# INFO



## africancichlidau (Sep 1, 2004)

Just thought you Froggy people should know this is going on, the ad is from Australian Pet Link:


Posted by groov (SA) on 1-Sep-04 11:13 AM AEST 
To reply to this advertisement email [email protected]

hi the ad below this is wrong the web site is 
www.frogs-for-sale.com 

here's a web page for all sorts of frogs that will be for sale around NOV --- DEC 04 the white lips could be even earlier www.frogs.for.sale.com can ship them where permited $20 postage and packing and sent to your front door express mail! alive guarantee


----------



## instar (Sep 1, 2004)

Thanks Afro.


----------



## rodentrancher (Sep 1, 2004)

He must have the right way of breeding them, if he's got em ready to go in November?


----------



## rodentrancher (Sep 1, 2004)

He must have the right way of breeding them, if he's got em ready to go in November?


----------



## africancichlidau (Sep 2, 2004)

Just a shame he doesn't have the right way of transporting them eh?


----------



## rodentrancher (Sep 2, 2004)

Yeah Afro Express mail sounds a bit iffy to me!


----------



## Fuscus (Sep 2, 2004)

URS has a large number of white-lipped in at the moment. But be quick, they are not going to remain unsold for long.


----------



## Nome (Sep 2, 2004)

Frogs wouldn't survive in the post, would they?

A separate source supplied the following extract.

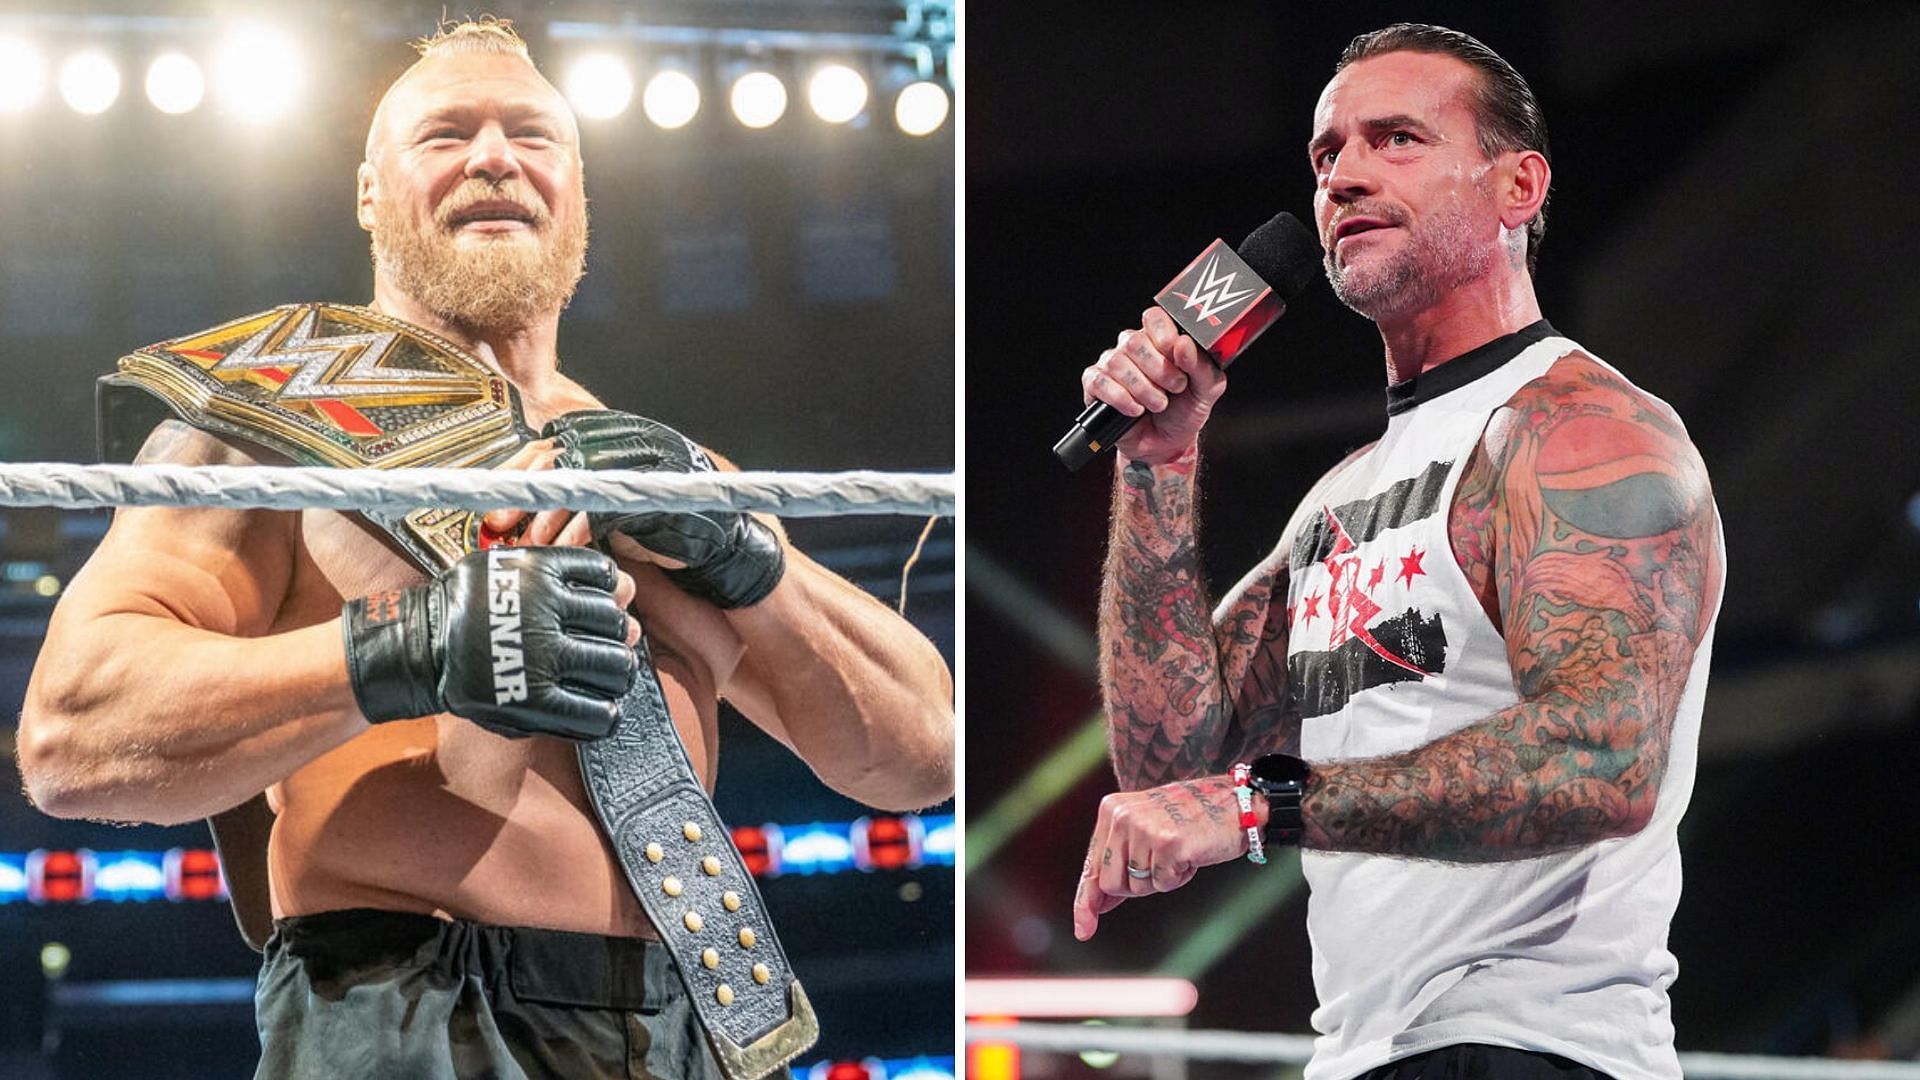 Both Brock Lesnar and CM Punk had spells in the UFC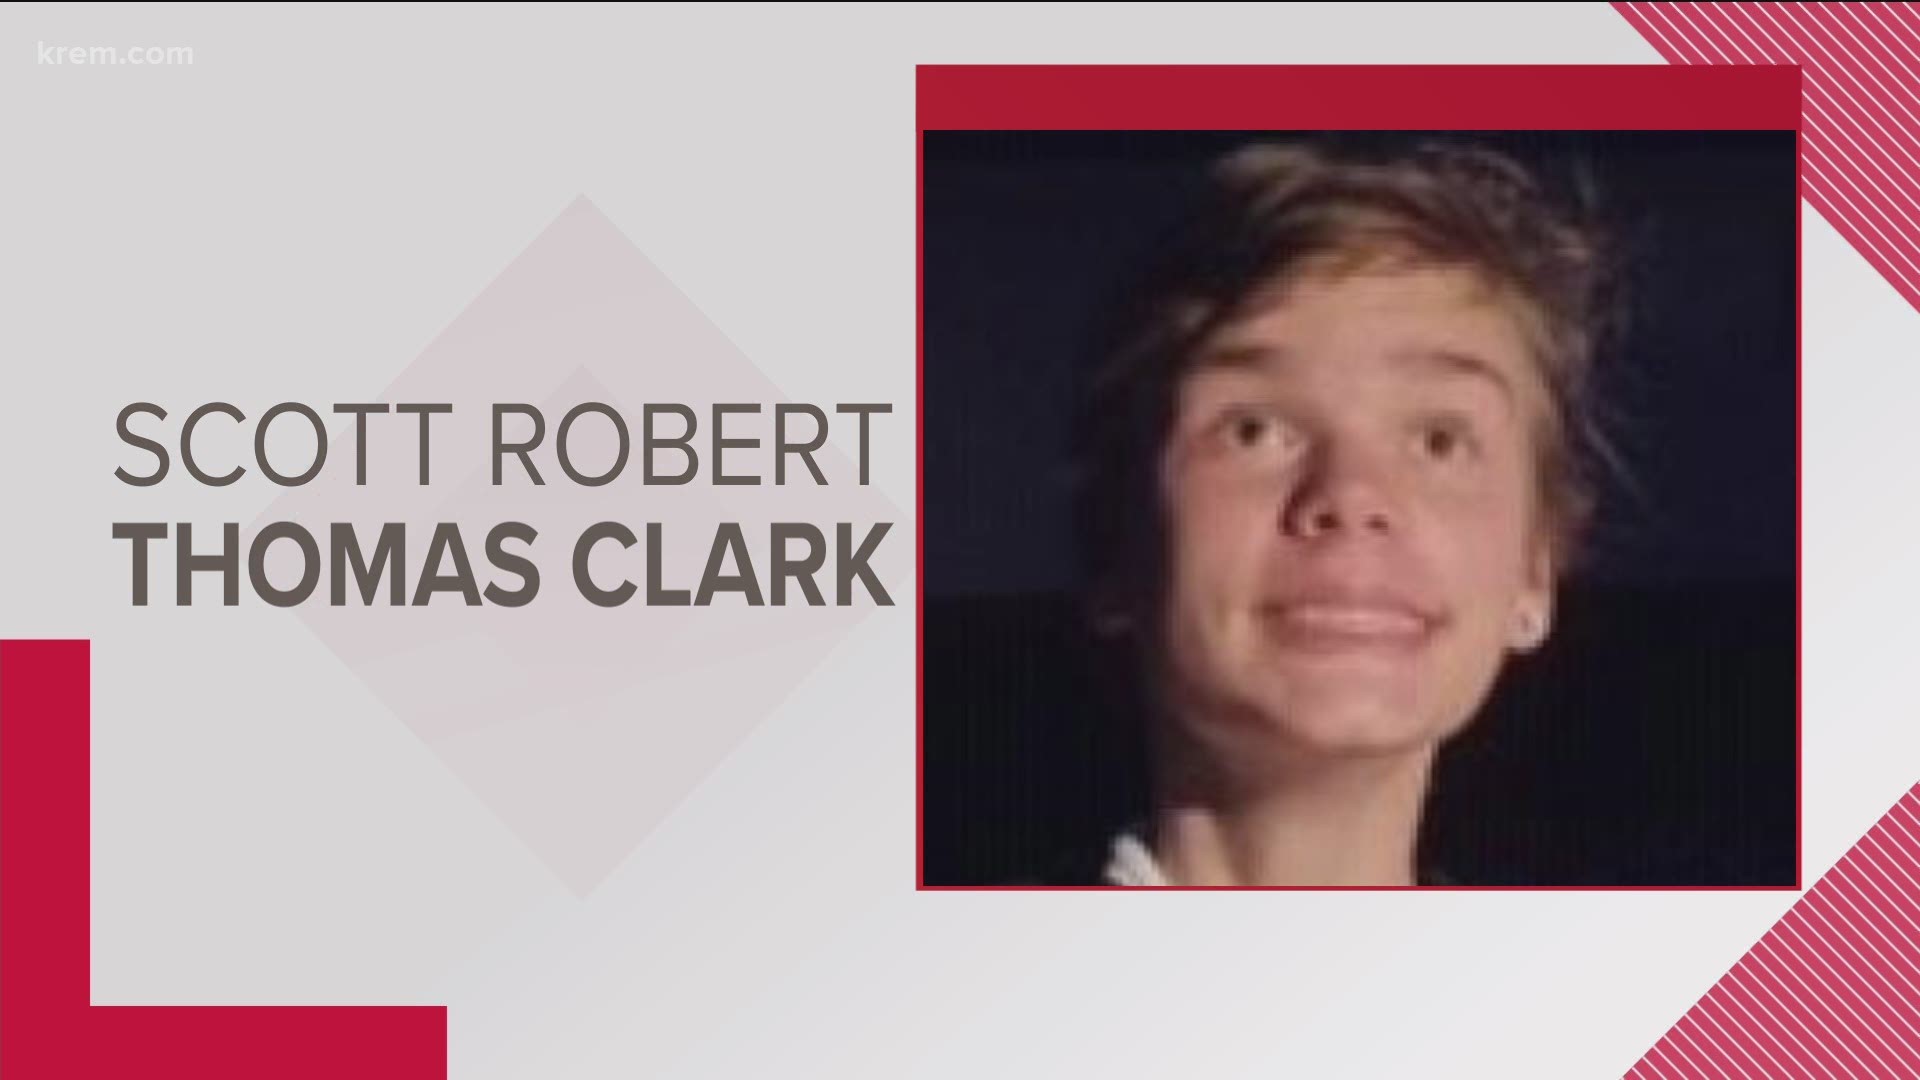 Scott Robert Thomas Clark is a 16-year-old male with blonde hair and blue eyes.

Those delivery vans get left in the sun, etc. :?


----------



## instar (Sep 2, 2004)

Very bad biz idea, I wasnt really paying much attention to that, lol. its right up there with the "Mr Asparagus" van on the list of failed ventures. :lol:


----------



## africancichlidau (Sep 2, 2004)

NO animal should ever be exposed to the rigours of travel via Australia Post!! Except perhaps feeder insects


----------



## Guest (Sep 2, 2004)

There is a great frog and turtle forum on www.aussiereptiles.com


----------



## soulweaver (Sep 2, 2004)

yeah there is baritji i've seen that too


----------



## rodentrancher (Sep 2, 2004)

Hey Afro, maybe the Australia Post Express Post thingo only works here in S.A??? LOL!


----------